By default, it utilizes:

  • OpenAI Chat Completions API
  • OpenAI Assistants API

Installation

Setup Virtual Environment

We recommend setting up a virtual environment to isolate Python dependencies, ensuring project-specific packages without conflicting with system-wide installations.

python3 -m venv venv
source venv/bin/activate

Install Package

Install the package from PyPi:

pip install sirji-agents

Run the following command to install playwright:

playwright install

Usage

Environment Variables

Ensure that the following environment variables are set:

export SIRJI_PROJECT="Absolute folder path for Sirji to use as its project folder."
export SIRJI_INSTALLATION_DIR='Absolute path of the Sirji installation directory.'
export SIRJI_RUN_PATH='Folder path containing run related logs, etc.'
export SIRJI_OPENAI_API_KEY='OpenAI API key for Chat Completions API and Assistants API'
export SIRJI_MODEL_PROVIDER='Model Provider to be used for LLM inference.
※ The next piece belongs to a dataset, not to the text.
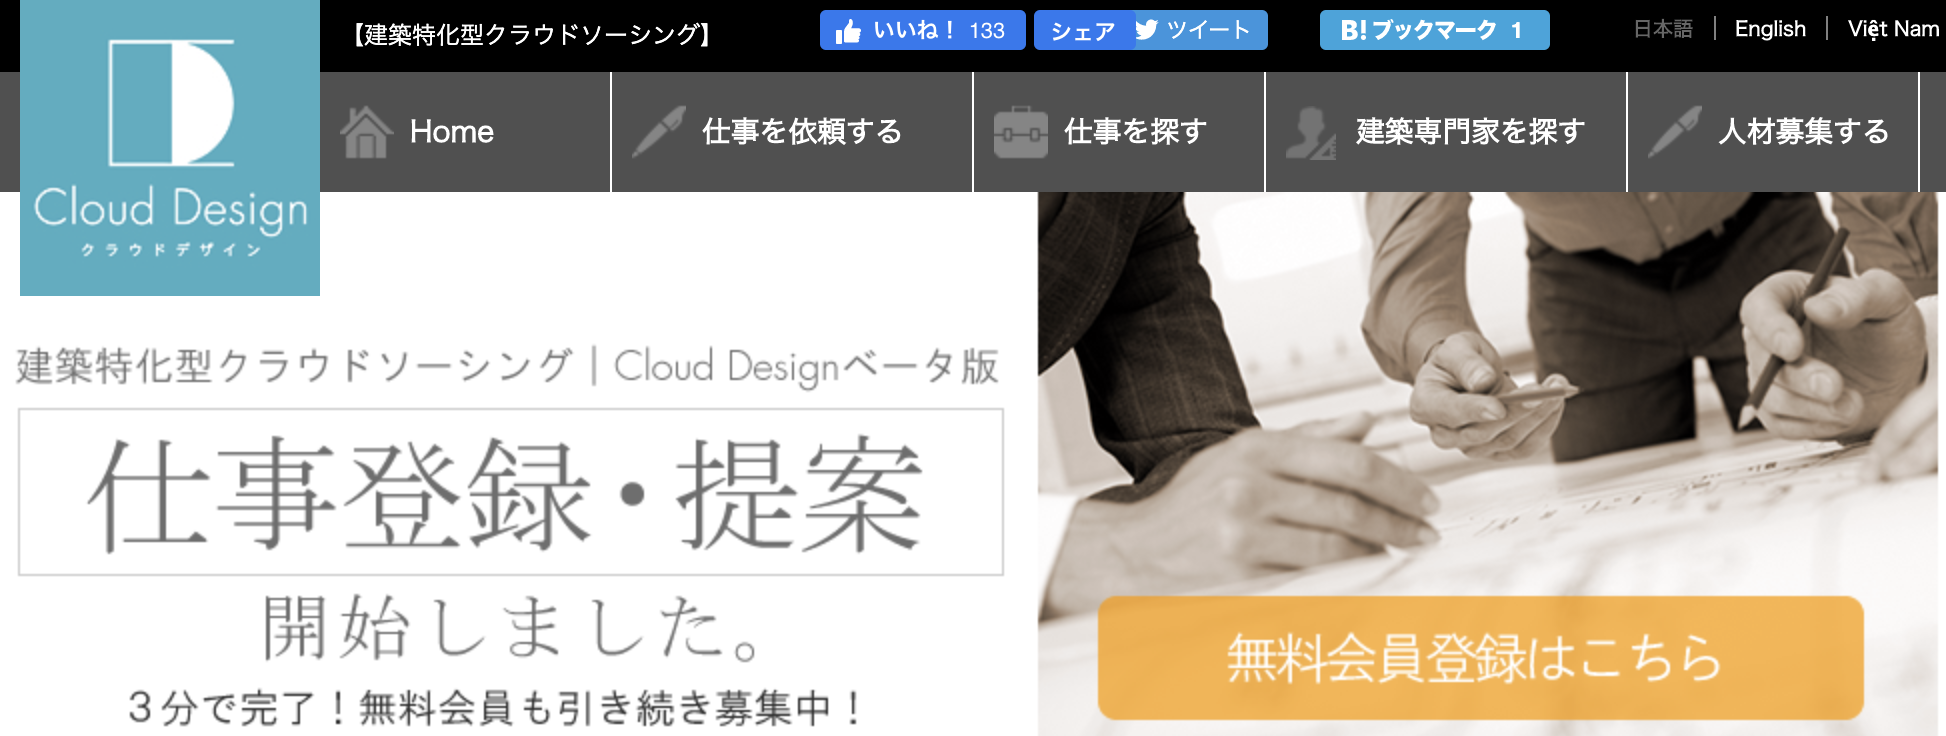 Cloud Design

Defaults to "openai".'
export SIRJI_MODEL='Model to be used for LLM inference. Defaults to "gpt-4o".'
export SIRJI_MODEL_PROVIDER_API_KEY='API key to be used for LLM inference.'

Orchestrator

The Orchestrator is the central component in the Sirji framework, responsible for managing the flow and execution of tasks across different agents.

# Following is a sample recipe
recipe = {
  "prescribed_tasks": [
    {
      "task": "Write epics and user stories.",
      "agent": "PRODUCT_MANAGER"
    },
    {
      "task": "Write architecture components.",
      "agent": "ARCHITECT"
    },
    {
      "task": "Implement the epic & user stories using the architecture components.",
      "agent": "CODER"
    }
  ],
  "tips": [
    {
      "deviation": "Architecture components are not in sync with the epics and user stories.",
      "agent": "PRODUCT_MANAGER",
      "task": "Make the epics and user stories consistent with the architecture components."
    }
  ]
}

from sirji_agents import Orchestrator

agent = Orchestrator(recipe)

# History is the array of LLM conversations till now
history = []

# Input message string
message_str = ""
response_message, history, prompt_tokens, completion_tokens = agent.message(message_str, history)

Generic Agent

Run time composable class providing the agent functionality as per the pseudo code provided in the agent.yml file.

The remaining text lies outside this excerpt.